While the increases in insurance coverage for contraception over the last decade are promising, it is imperative that all women have this important benefit.
In Congress
In 1998, PPFA® won a major legislative victory with the enactment of a contraceptive coverage requirement in the Federal Employees Health Benefits Program (FEHB). The provision guarantees coverage of prescription contraceptive drugs and devices for all employees of the federal government — one of the largest employers in the U.S. — by all plans participating in the FEHB program that cover other prescription drugs and devices. Contraceptive coverage for federal employees continues to be provided in the FEHB program (Dailard, 2003; NFPRHA, 2006; NWLC, 2006).

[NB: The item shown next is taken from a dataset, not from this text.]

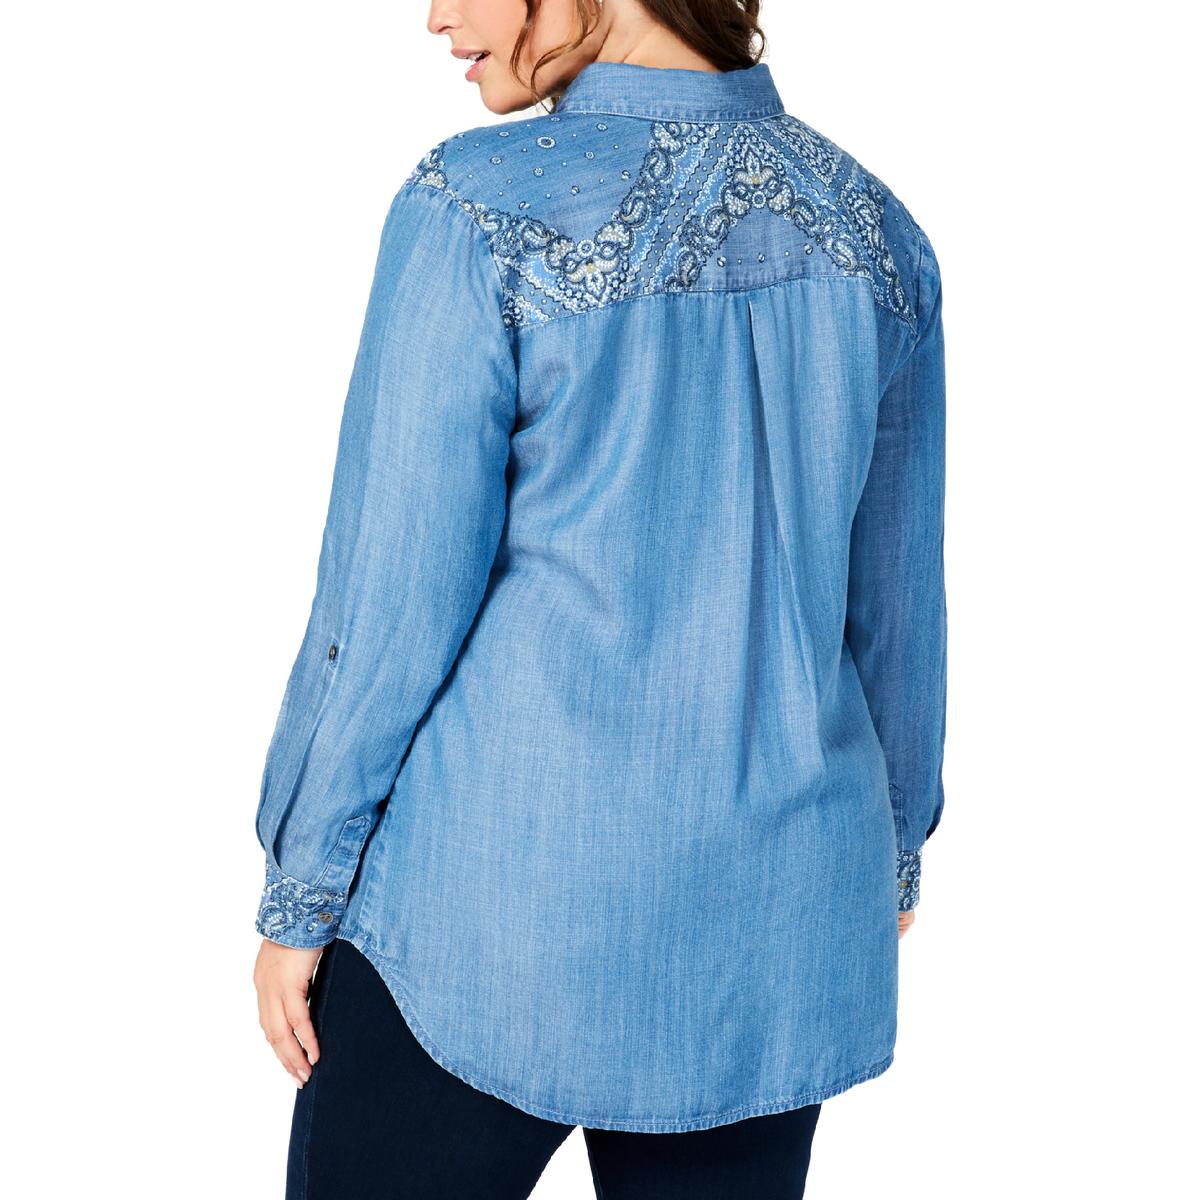 Style & Co. Womens Blue Chambray Printed Button-Down Top Shirt Plus 3X ...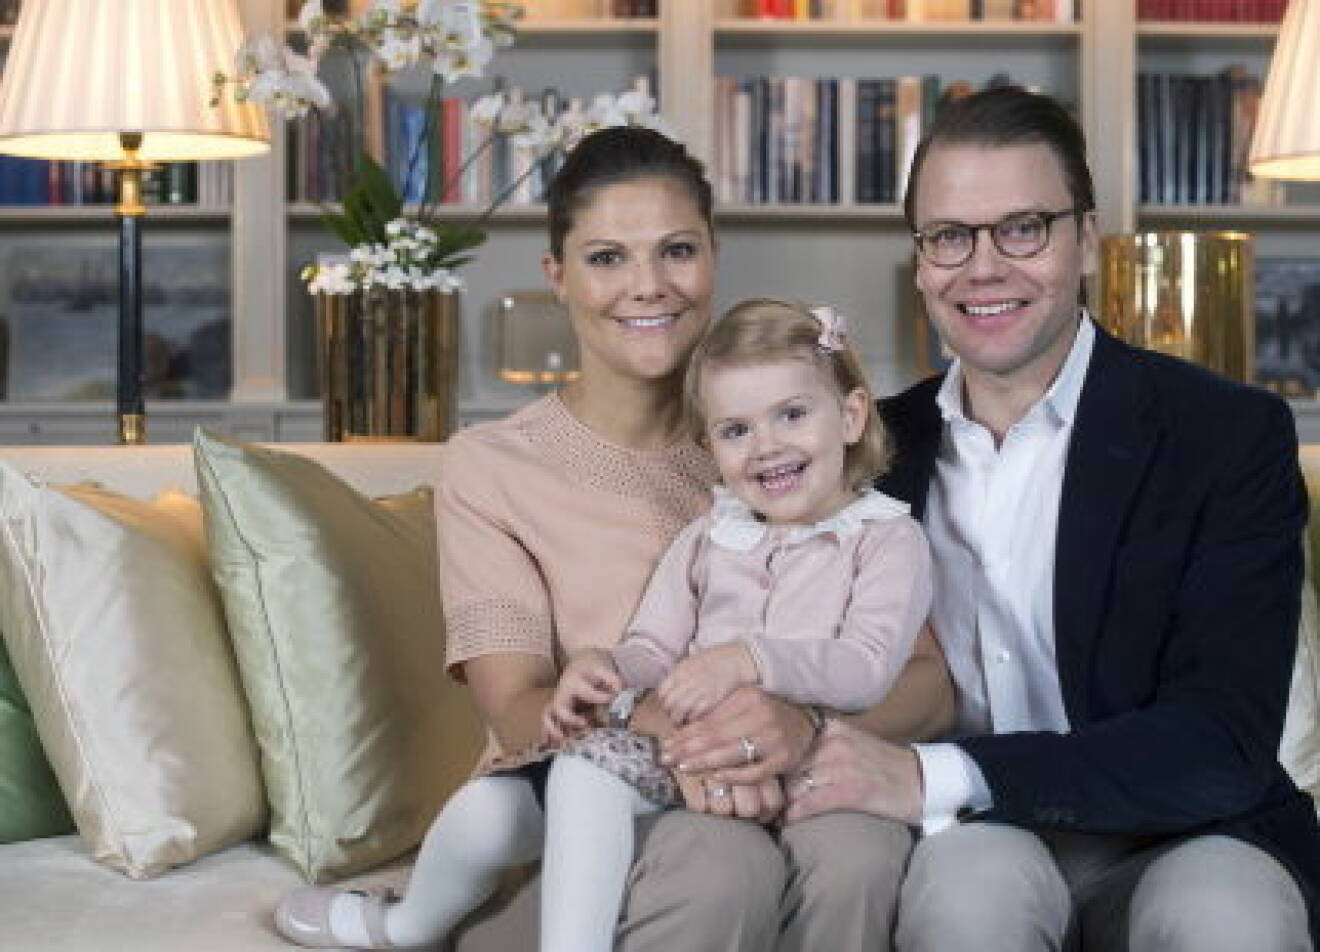 Crown Princess Victoria and Prince Daniel with their daughter Princess Estelle

The Equity in Prescription Insurance and Contraceptive Coverage Act (EPICC) was first introduced in 1997 by Senator Olympia Snowe (R-ME) and Representative James Greenwood (R-PA) to provide equity in insurance coverage for contraception in the private market. The bill sought to establish parity for contraceptive prescriptions and related medical services within the context of coverage already guaranteed by each insurance plan.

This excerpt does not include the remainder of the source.